EXERCISE PROMPT: Pictures are to be dropped, and only the lines from the one containing "Vuolukiven ja dolomiitin" through the end of the data below are to be reproduced as written.

PROVIDED MATERIAL:
○ ○ ○ ○ ○ ○ ○

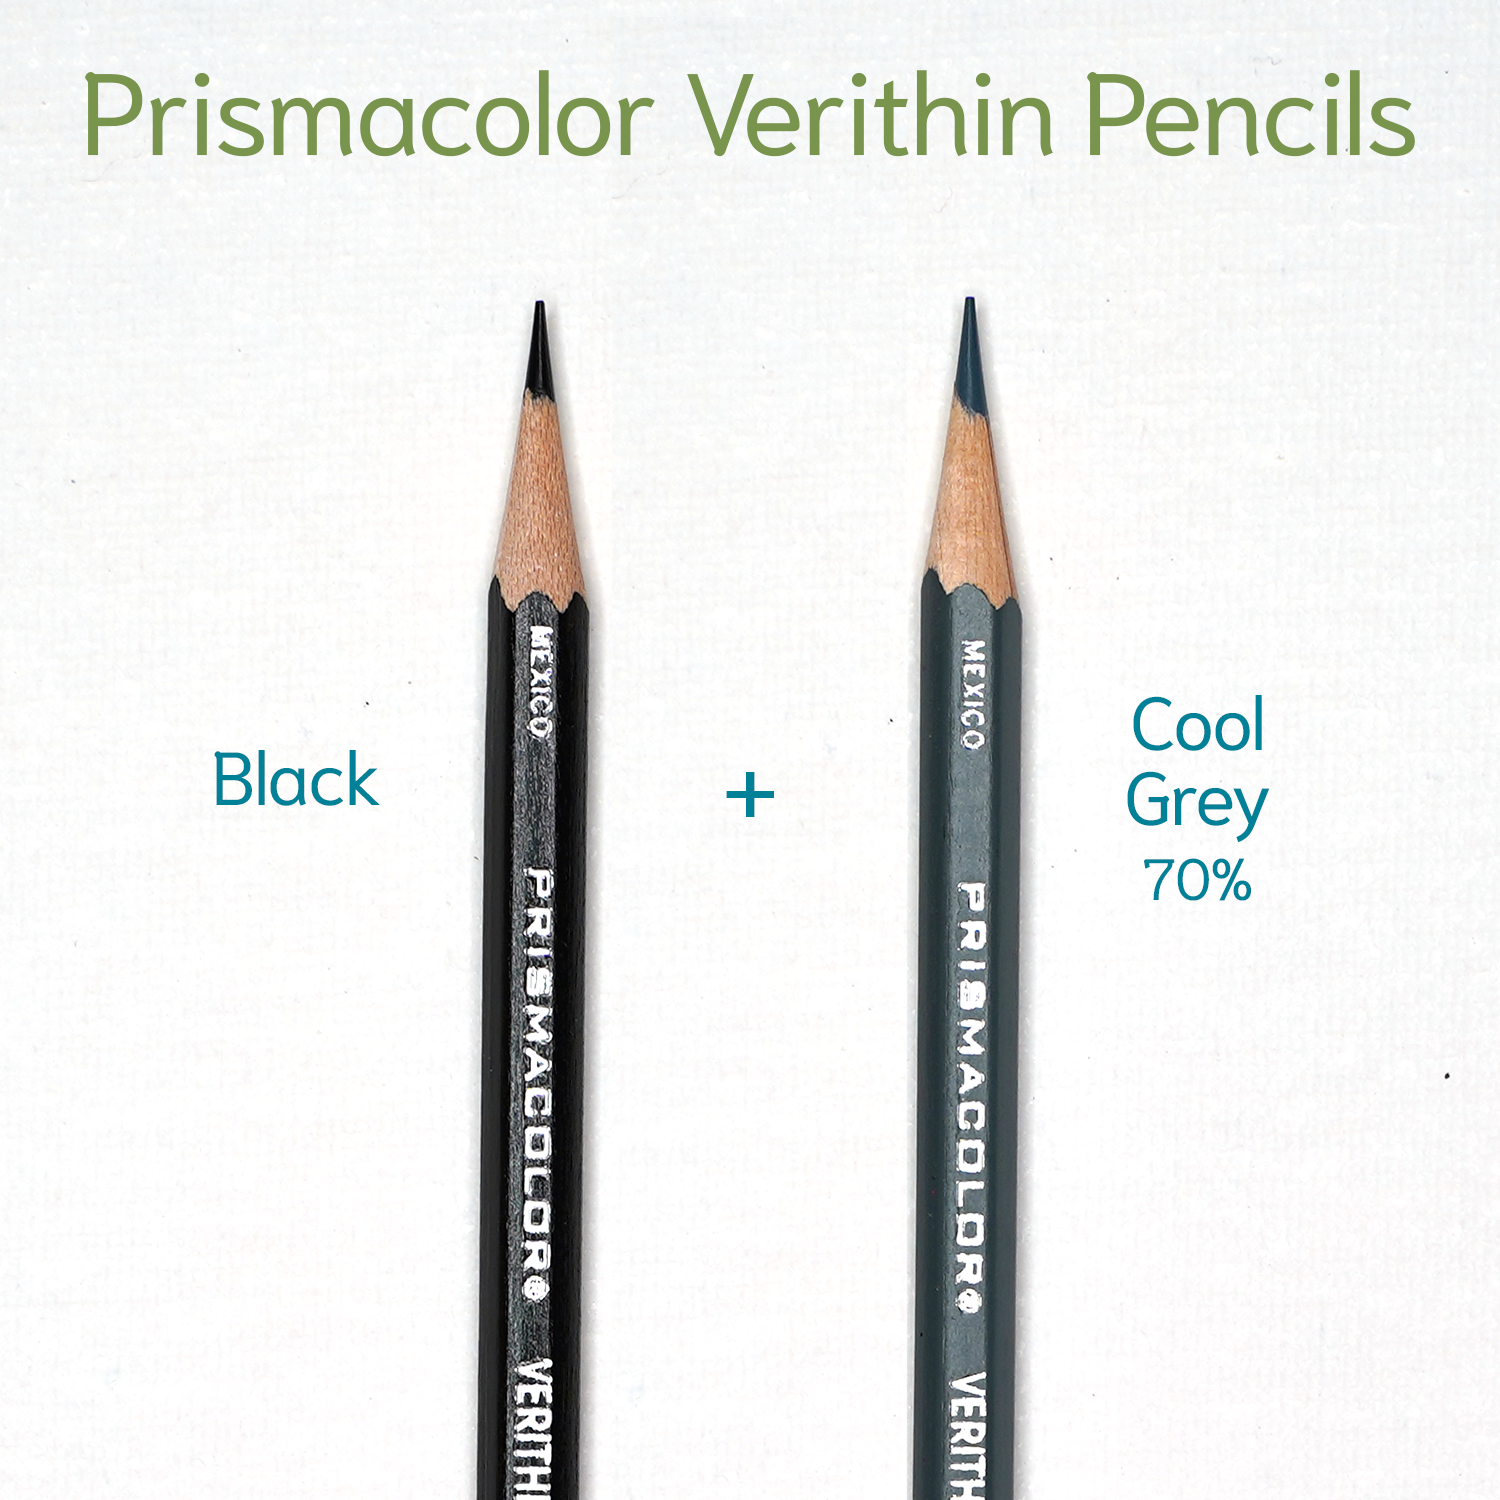 Prismacolor Ebony Pencil Black
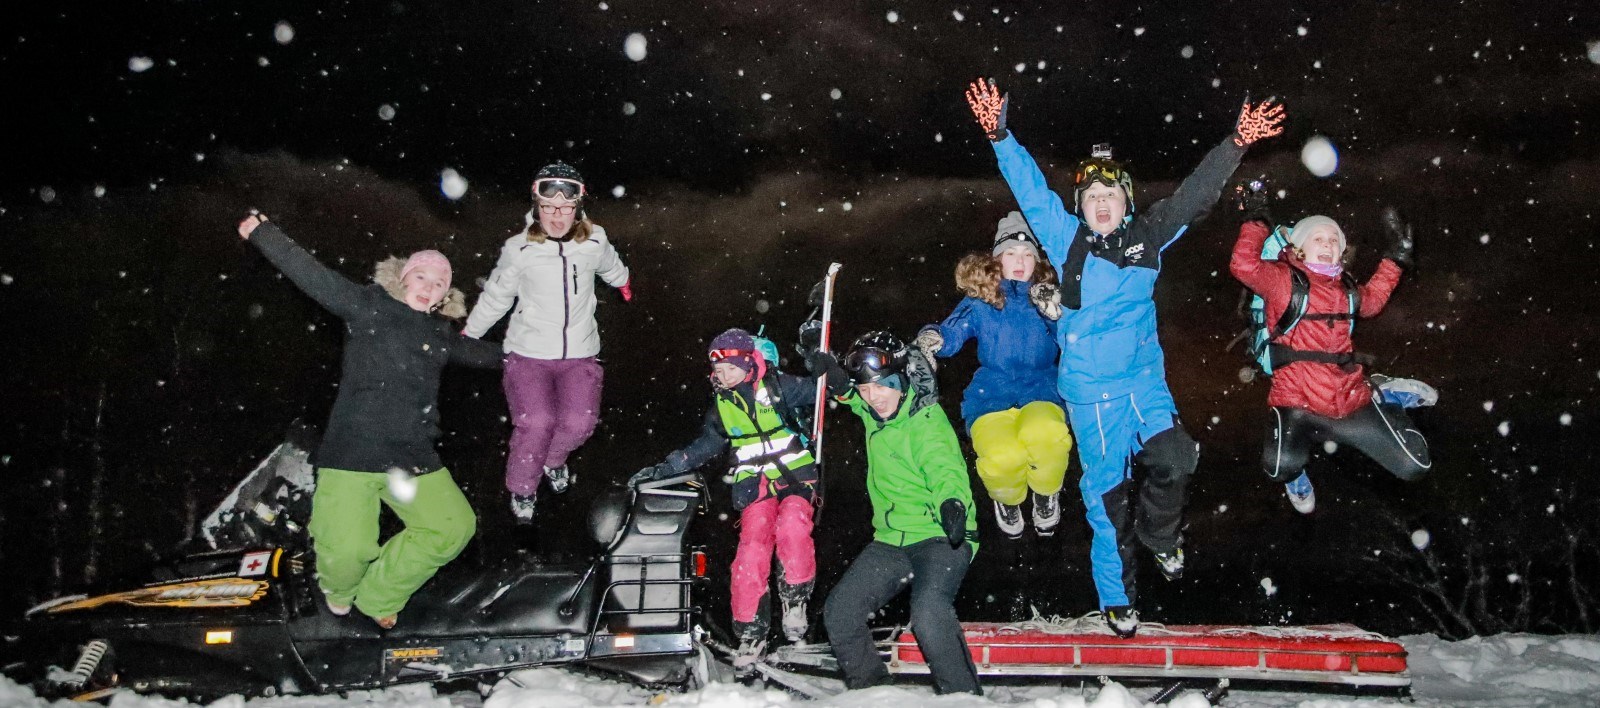 Fotografiet viser 7 ungdommer som hopper fra en snøskuter mens de ser i kameraet og strekker hendene i været.
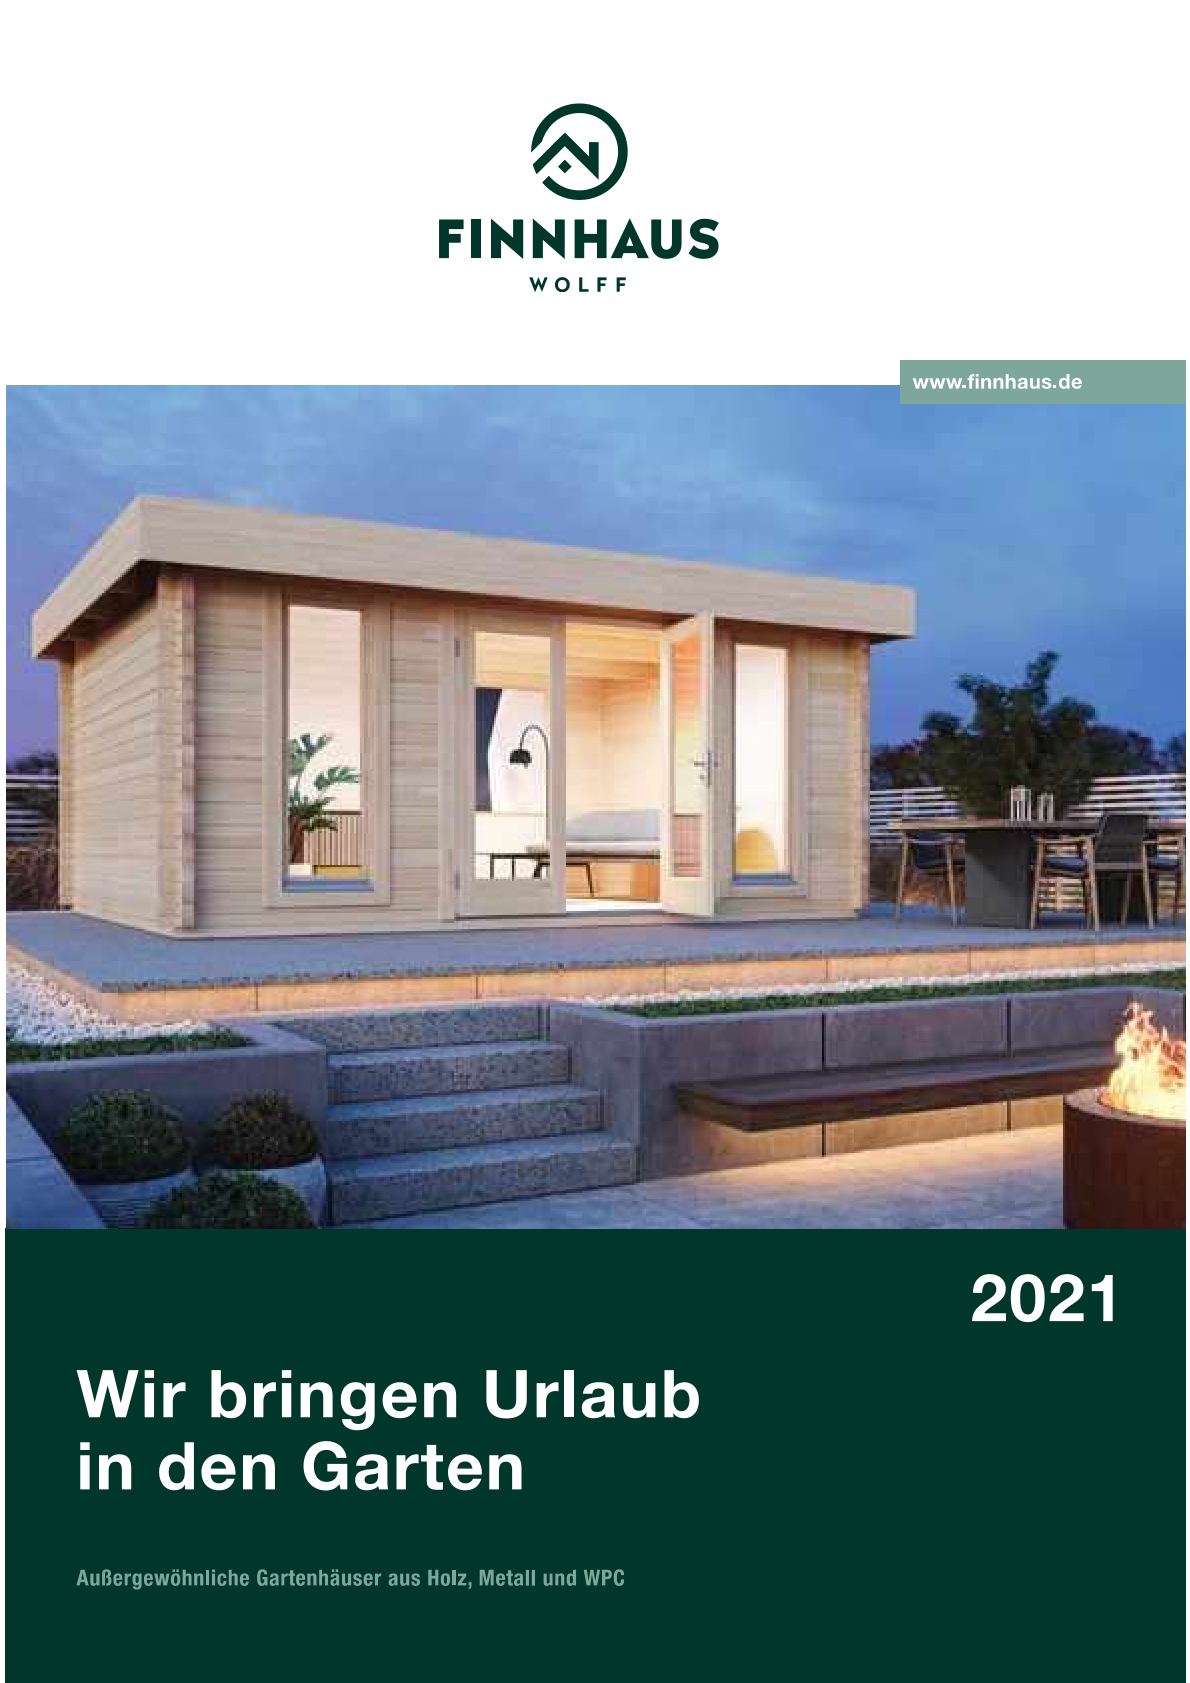 Finnhaus Wolff Gartenkatalog 2021
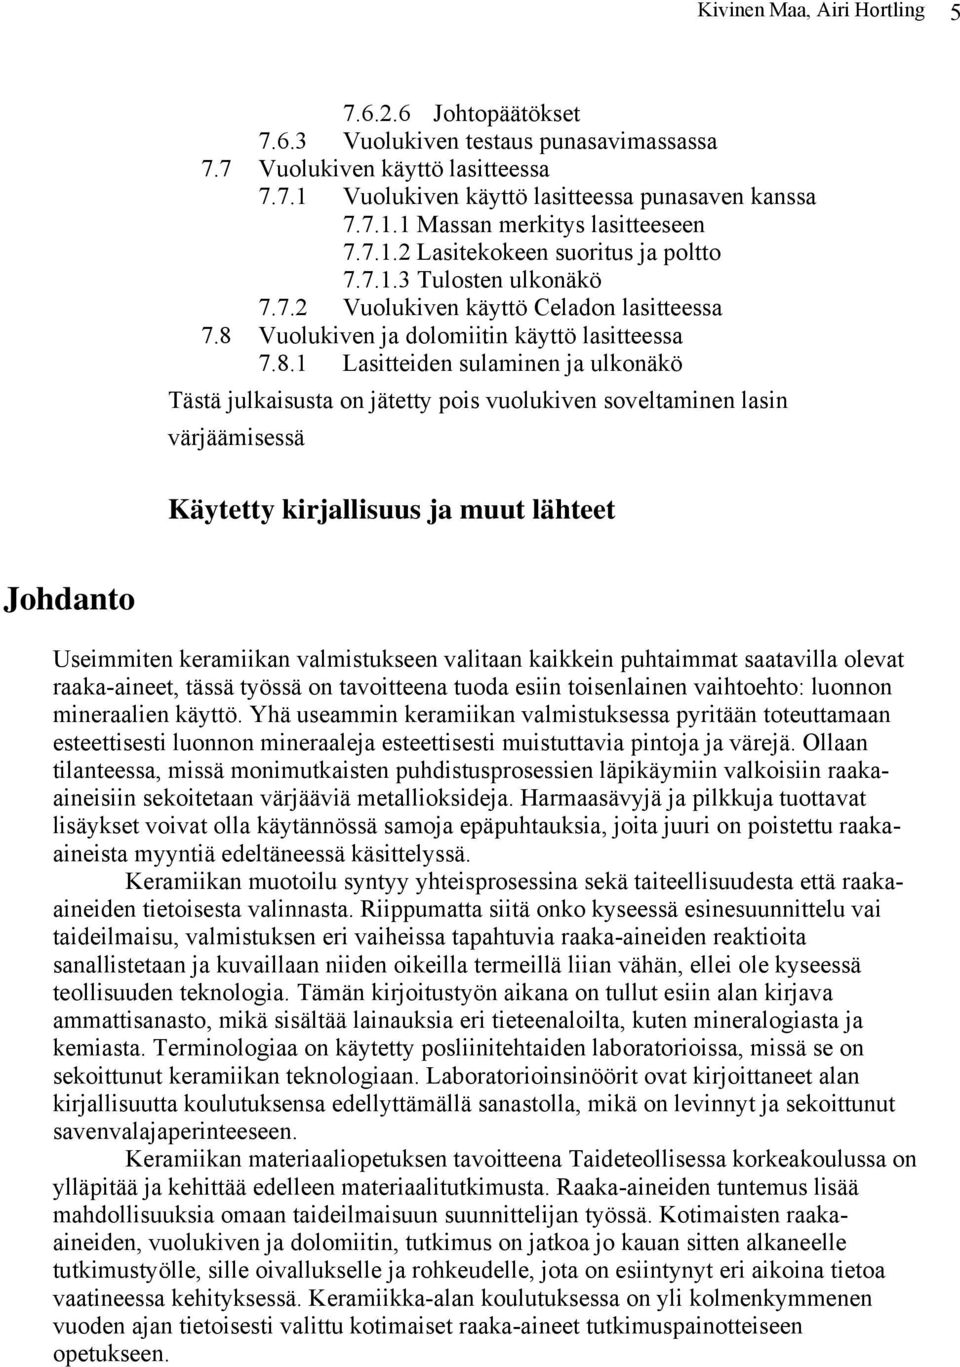 Vuolukiven ja dolomiitin käyttö lasitteessa 7.8.
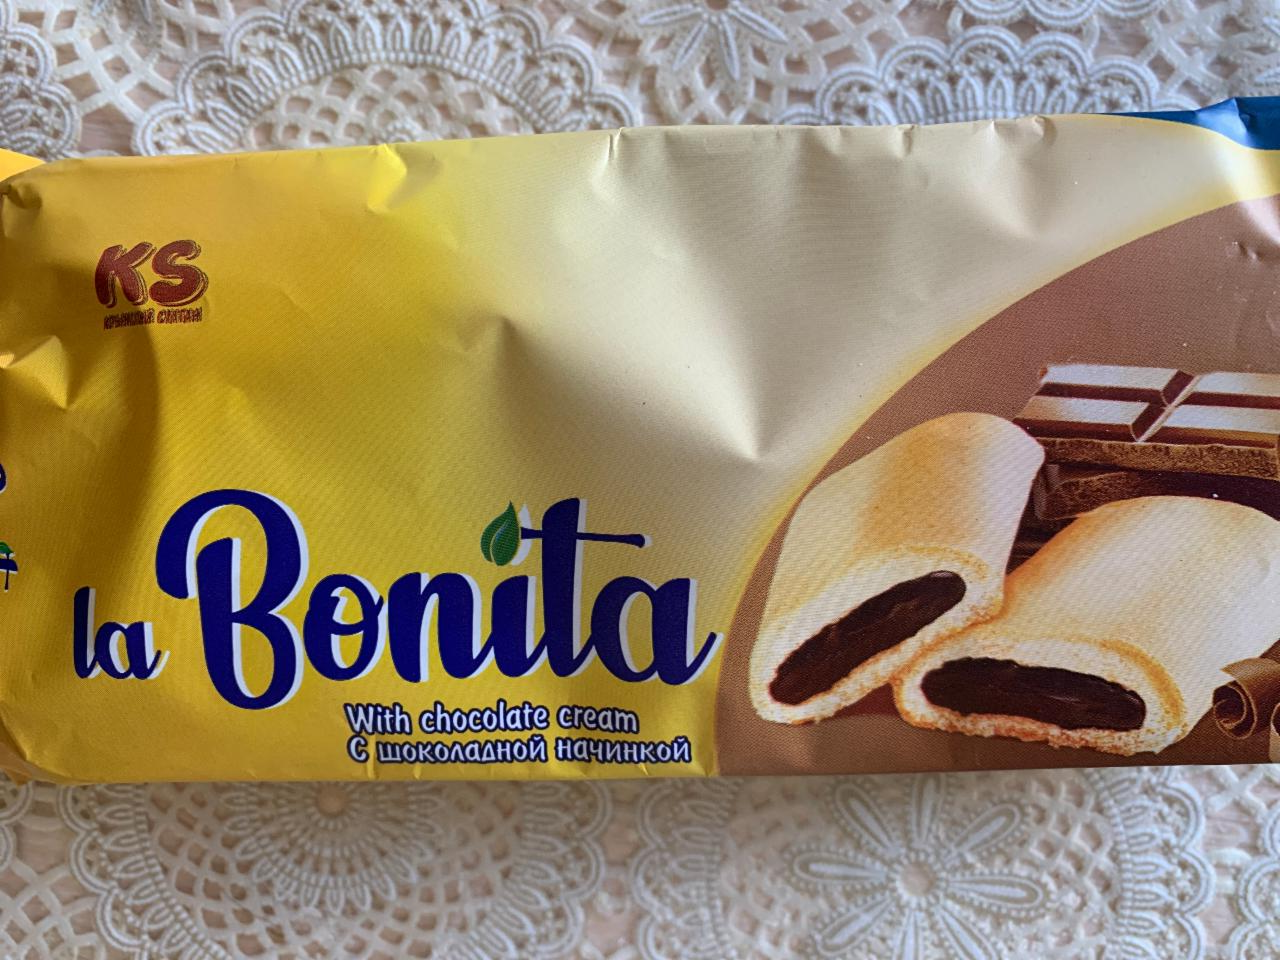 Фото - Печенье сдобное с шоколадной начинкой la Bonita Крымский султан

○ ○ ○ ○ ○ ○ ○

RESPONSE TO THIS TASK:
 Vuolukiven ja dolomiitin käyttö lasitteessa 7.8.
 Фото - Печенье сдобное с шоколадной начинкой la Bonita Крымский султан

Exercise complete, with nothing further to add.